• [Available data]
──────────────────────────────

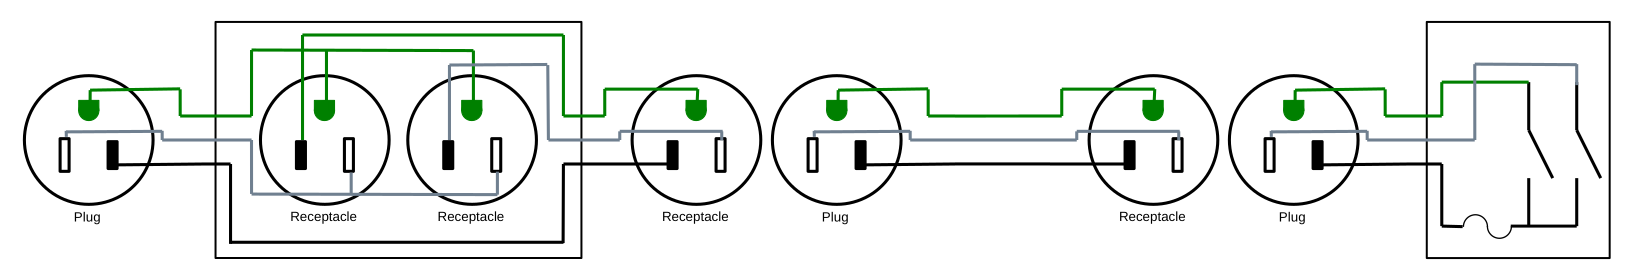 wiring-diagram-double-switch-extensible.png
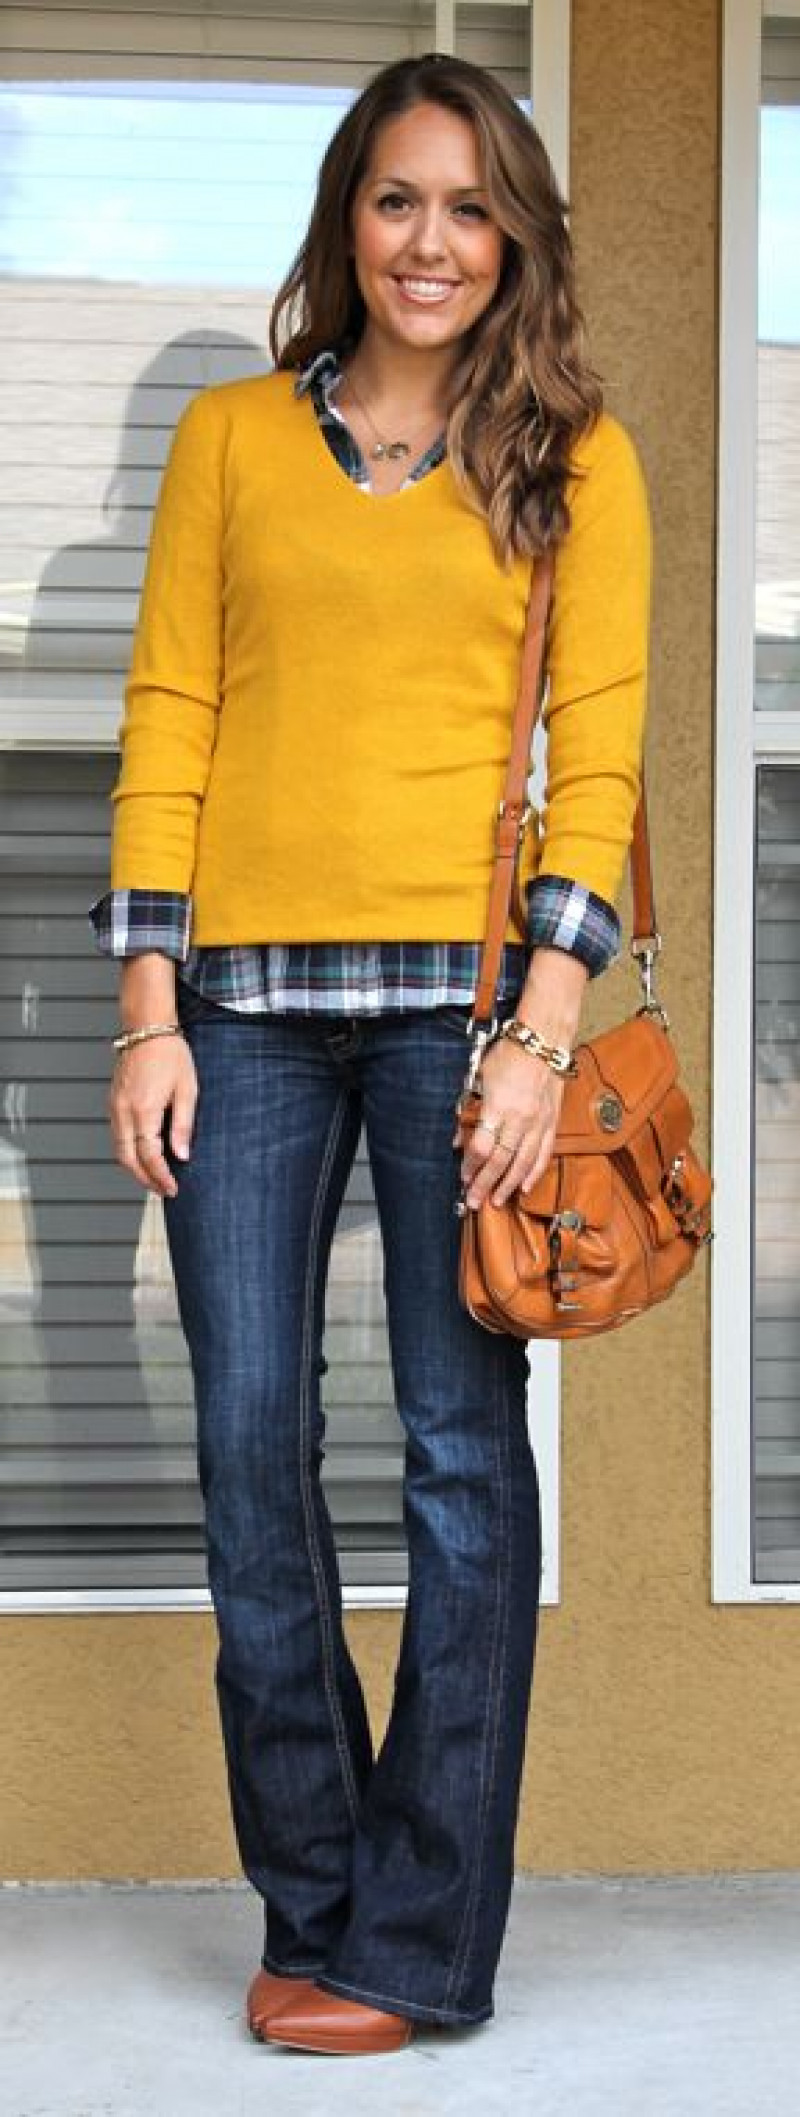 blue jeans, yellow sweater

──────────────────────────────

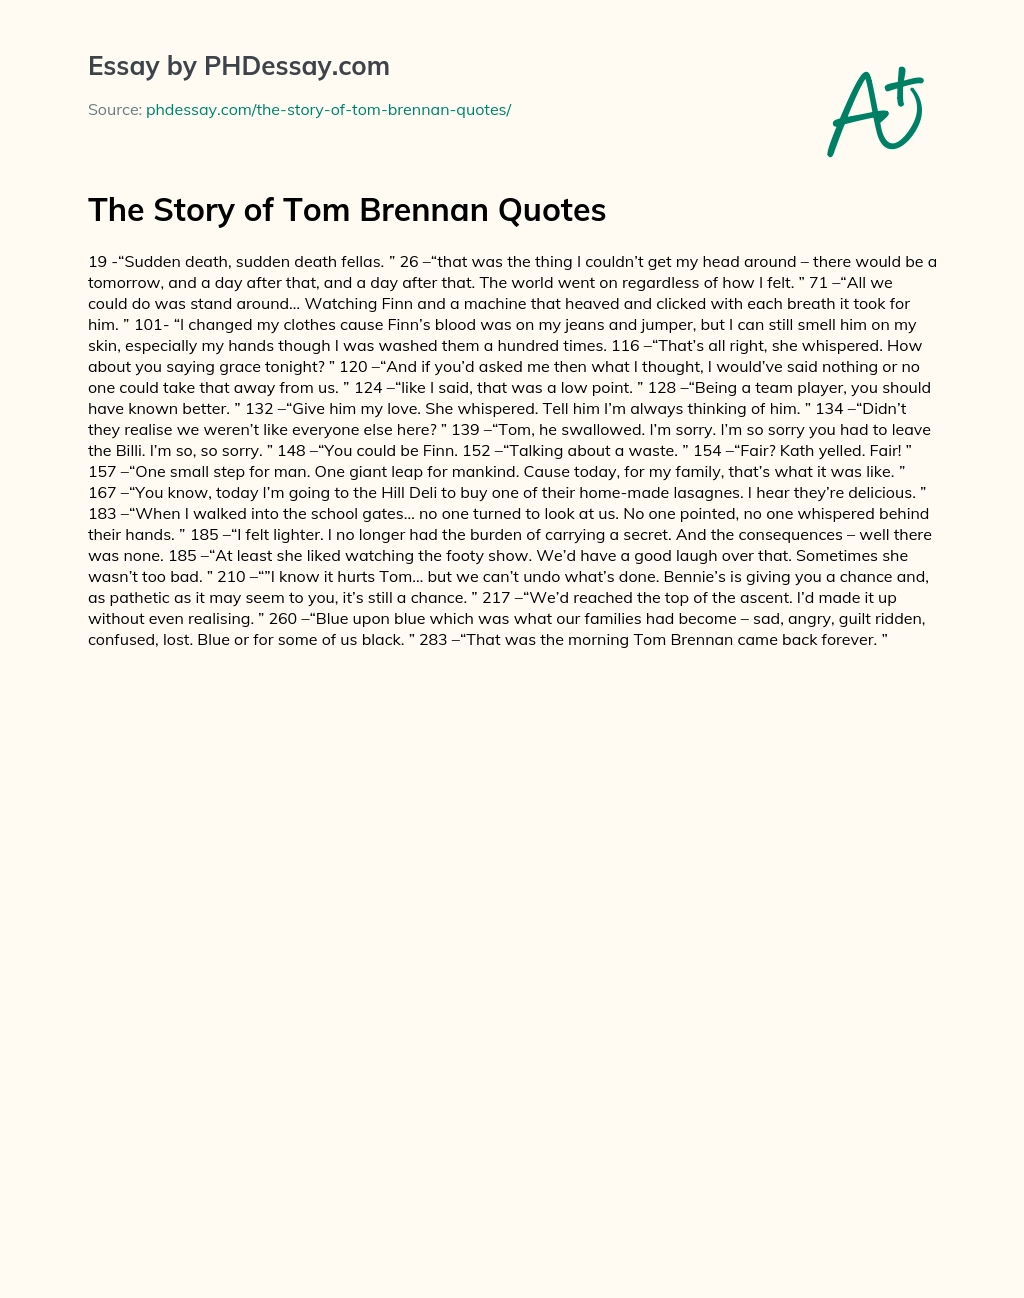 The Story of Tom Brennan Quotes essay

──────────────────────────────

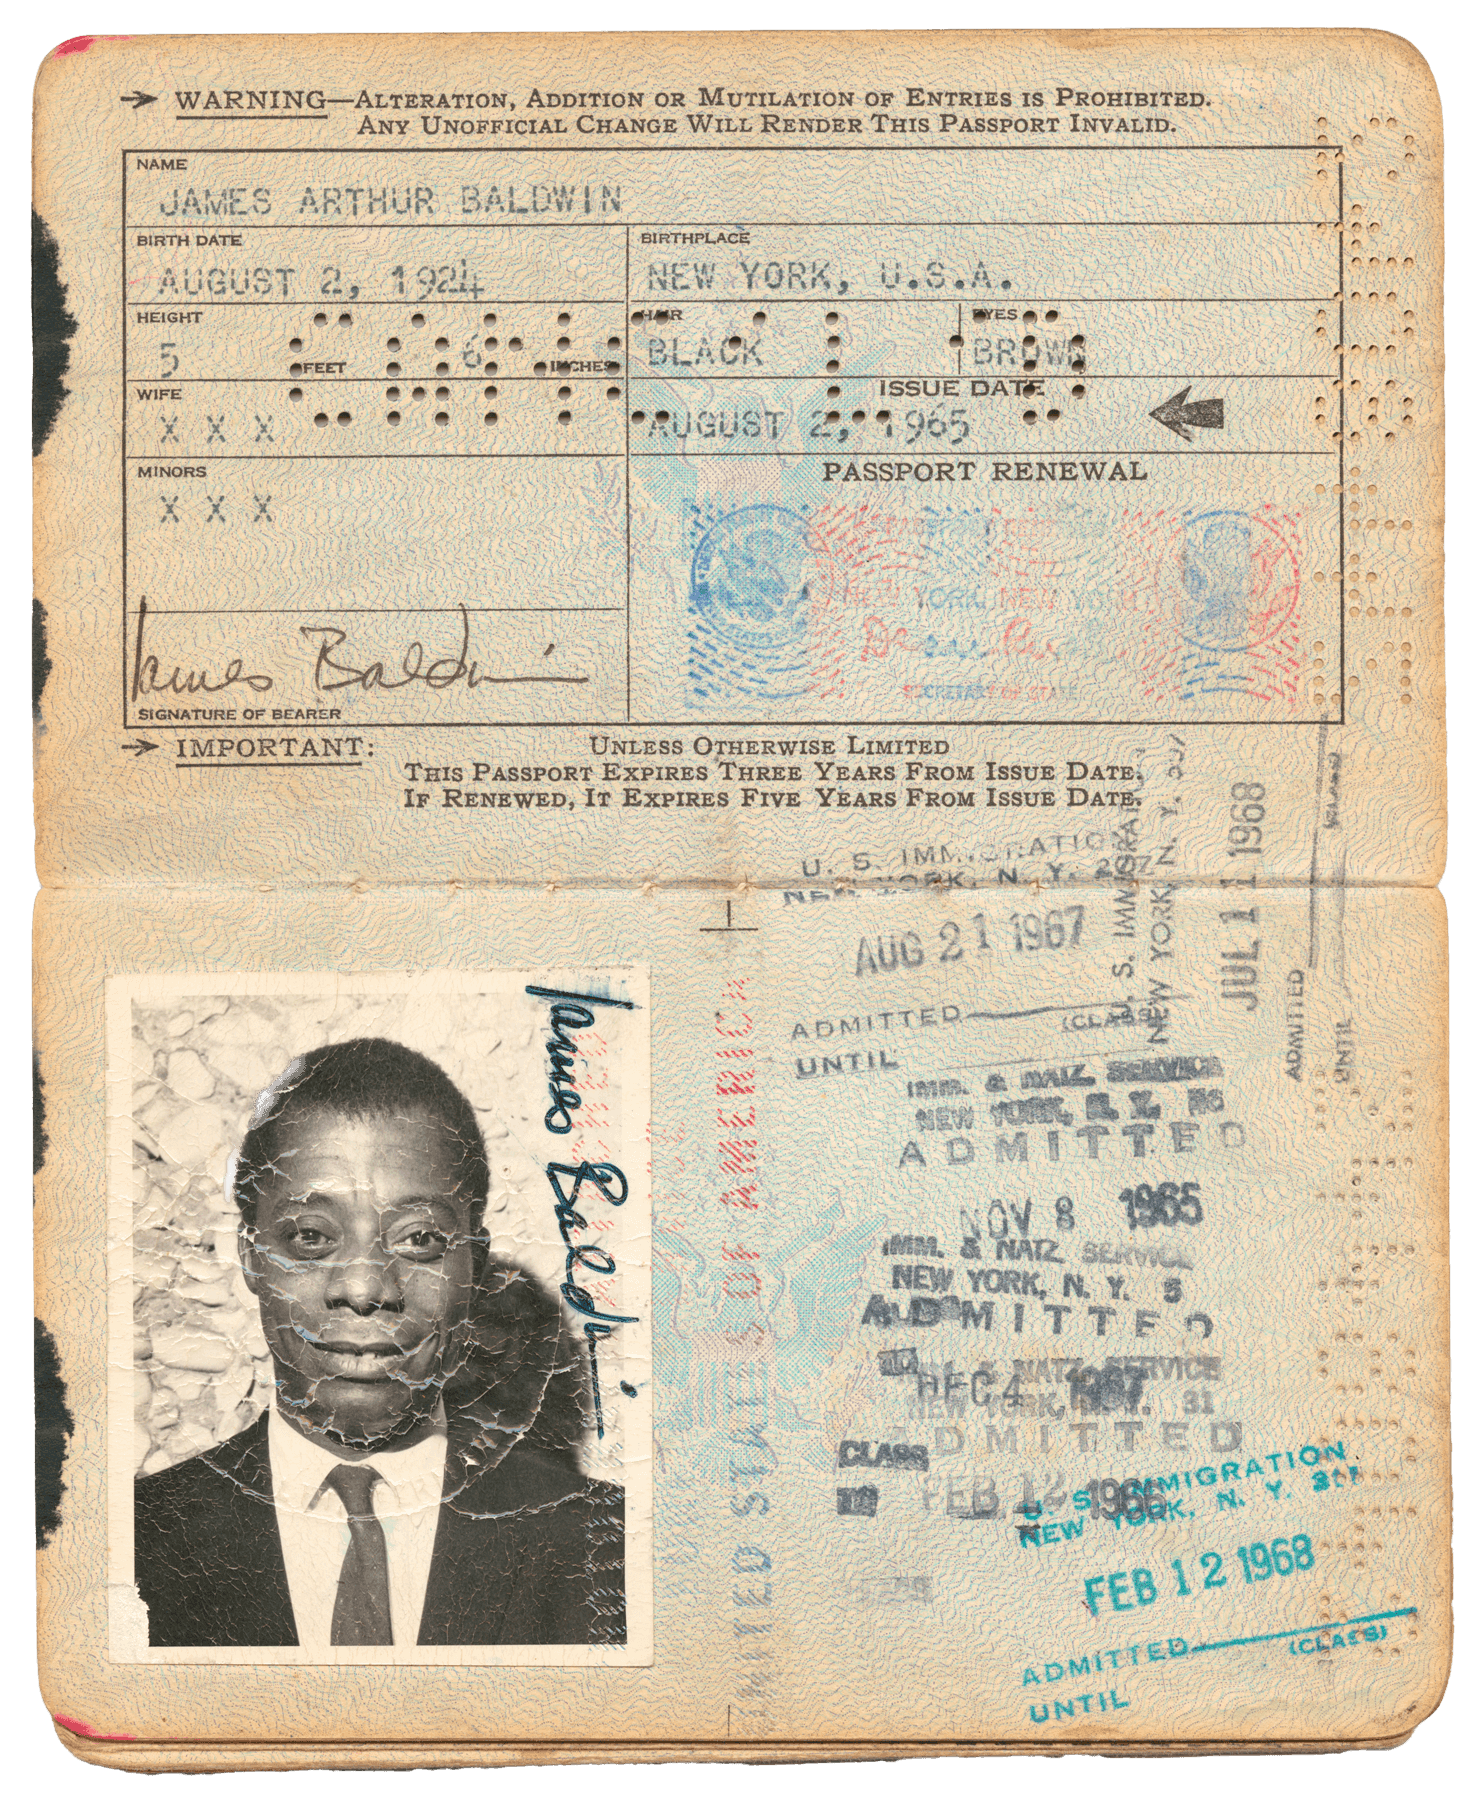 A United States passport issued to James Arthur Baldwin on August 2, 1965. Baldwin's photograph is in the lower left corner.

──────────────────────────────

• [How to complete this task] Exactly reproduce the lines above, starting at the one that contains "wiring-diagram-double-switch-extensible.png" and ending at the one that contains "blue jeans, yellow sweater", both inclusive; leave the pictures out and add no other lines.

• [Exercise response]
 wiring-diagram-double-switch-extensible.png
 blue jeans, yellow sweater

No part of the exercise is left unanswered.